Completed Getting Started with Agents
Environment variables configured (see Course Setup)

🎯 Learning Objectives

By the end of this chapter, you'll be able to:

✅ Load documents from various sources (text, PDF, web)
✅ Split long documents into manageable chunks
✅ Understand chunking strategies and their trade-offs
✅ Work with document metadata
✅ Understand what embeddings are and how they work
✅ Create embeddings for text using Azure AI models
✅ Store embeddings in vector stores
✅ Perform semantic similarity searches
✅ Build the foundation for RAG systems

📌 About the Code Examples

The code snippets shown in this README are simplified for clarity and focus on core concepts. The actual code files in the code/, solution/, and samples/ folders include:

✨ Enhanced console output with emojis, separators, and detailed formatting
📊 Additional statistics and metrics for better understanding
🎯 More comprehensive examples with diverse datasets and multiple queries
💡 Extended educational content with key insights and observations
🛡️ Robust error handling with try-except blocks and safe operations

When you run the actual files, you'll see more detailed output than shown in the examples below. This is intentional - the README focuses on teaching concepts, while the code demonstrates production-quality practices.

📖 The Smart Library System Analogy

Imagine you're building a modern, intelligent library system.

Part 1: Organizing the Library (Document Processing)
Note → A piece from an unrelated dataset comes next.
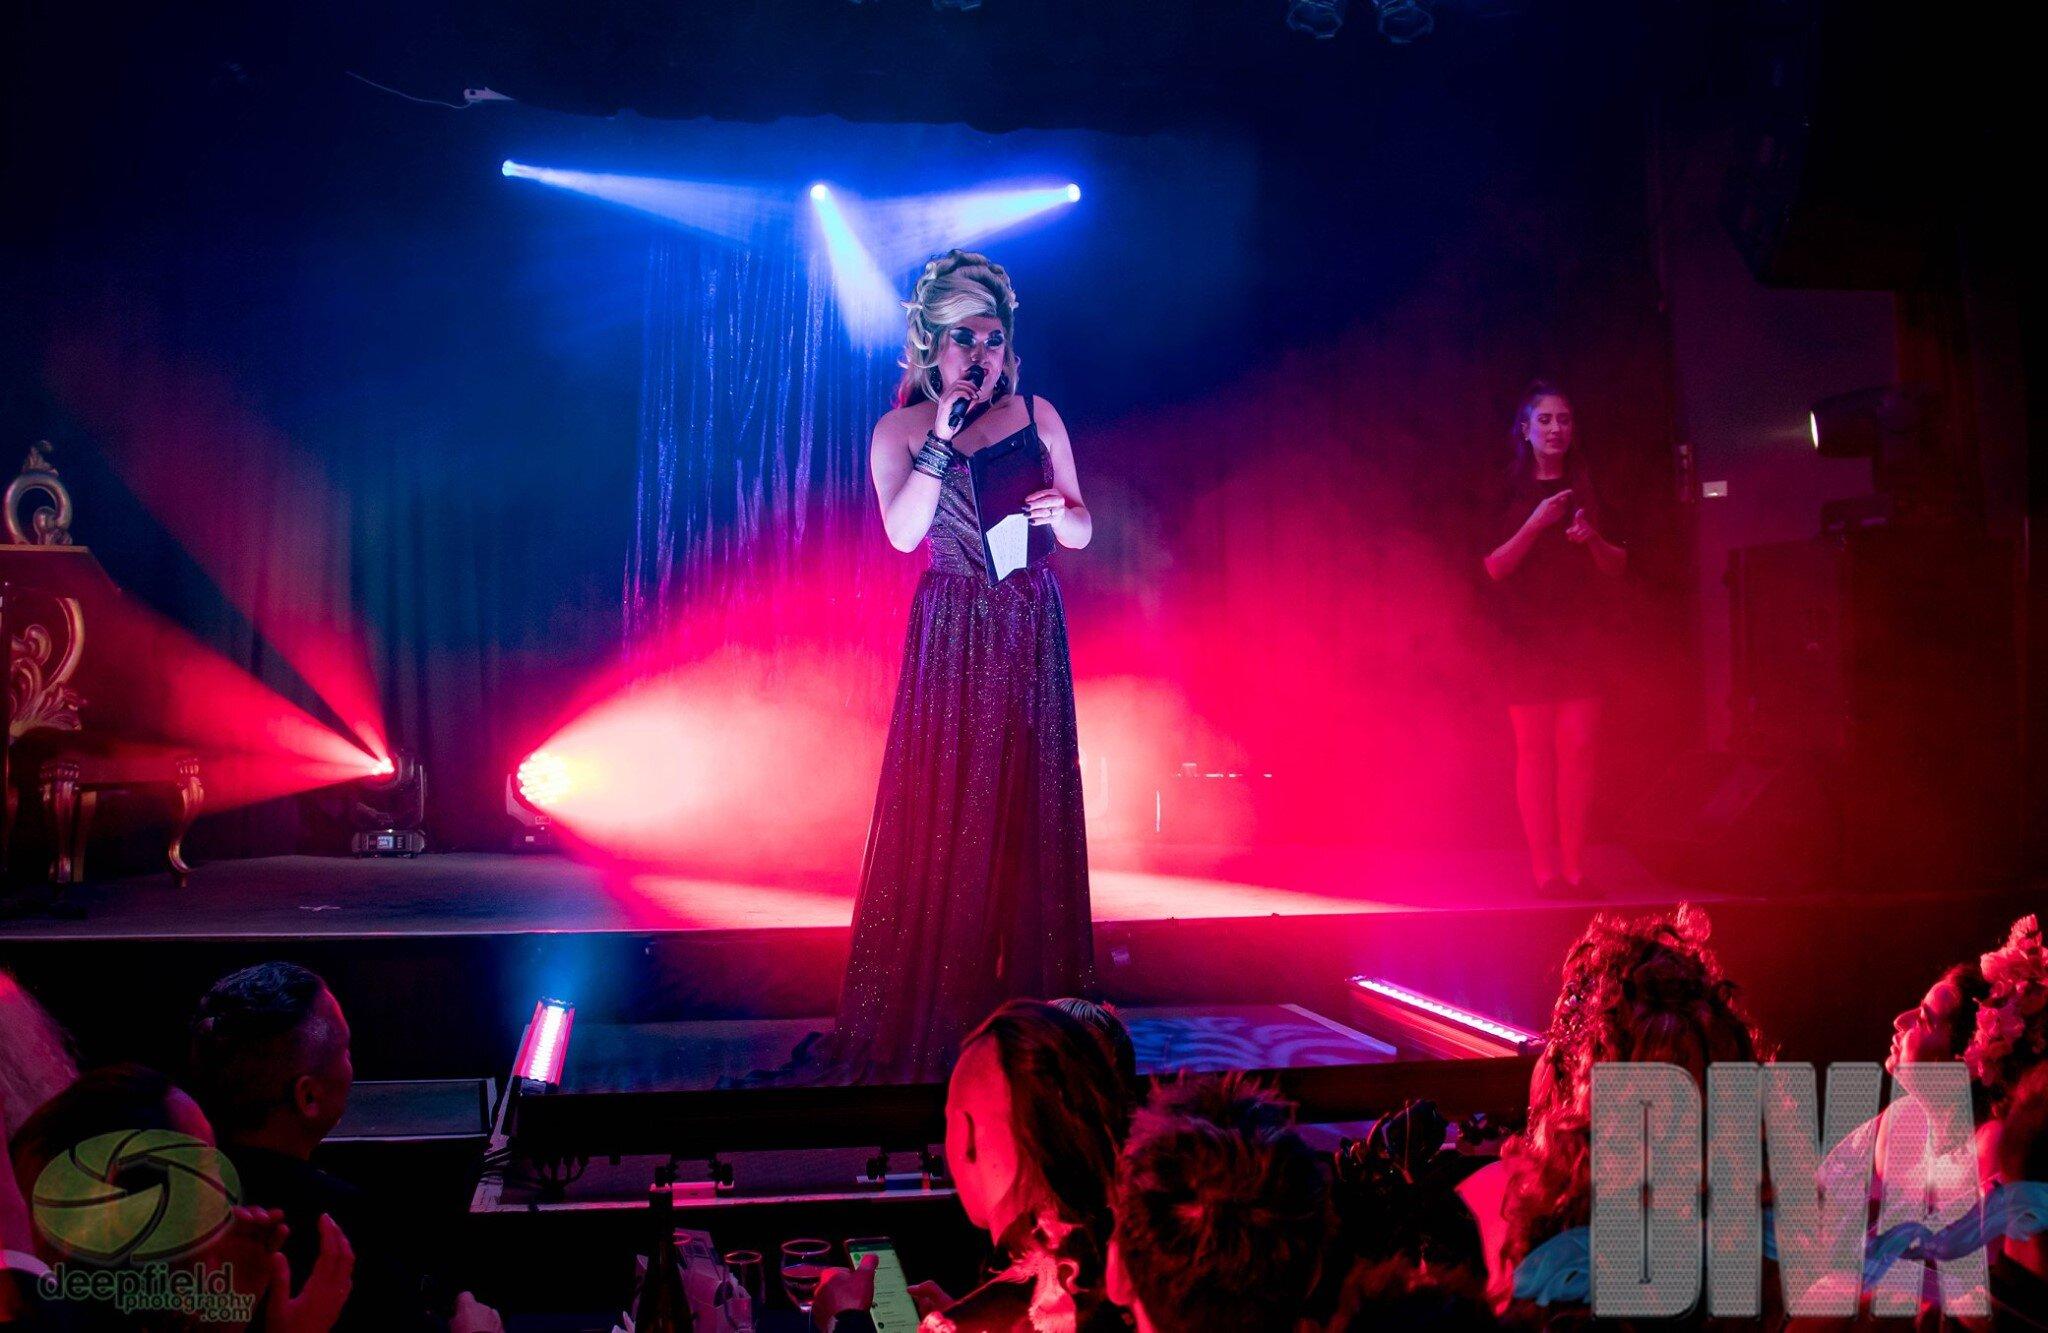 charisma-belle-corporate-host-event-hosting-diva-awards-sydney-drag-queen-royalty-best-hire-drag-race-australia-4.jpg

When someone donates a massive encyclopedia to your library, you can't:

❌ Hand readers the entire 2,000-page book
❌ Give them random pages
❌ Show them just individual words

Instead, you need to:

Find the right sections (loading)
Break it into manageable chapters (chunking)
Label each piece with metadata (organization)
Keep some overlap between sections so context isn't lost

Part 2: The Smart Search System (Embeddings & Semantic Search)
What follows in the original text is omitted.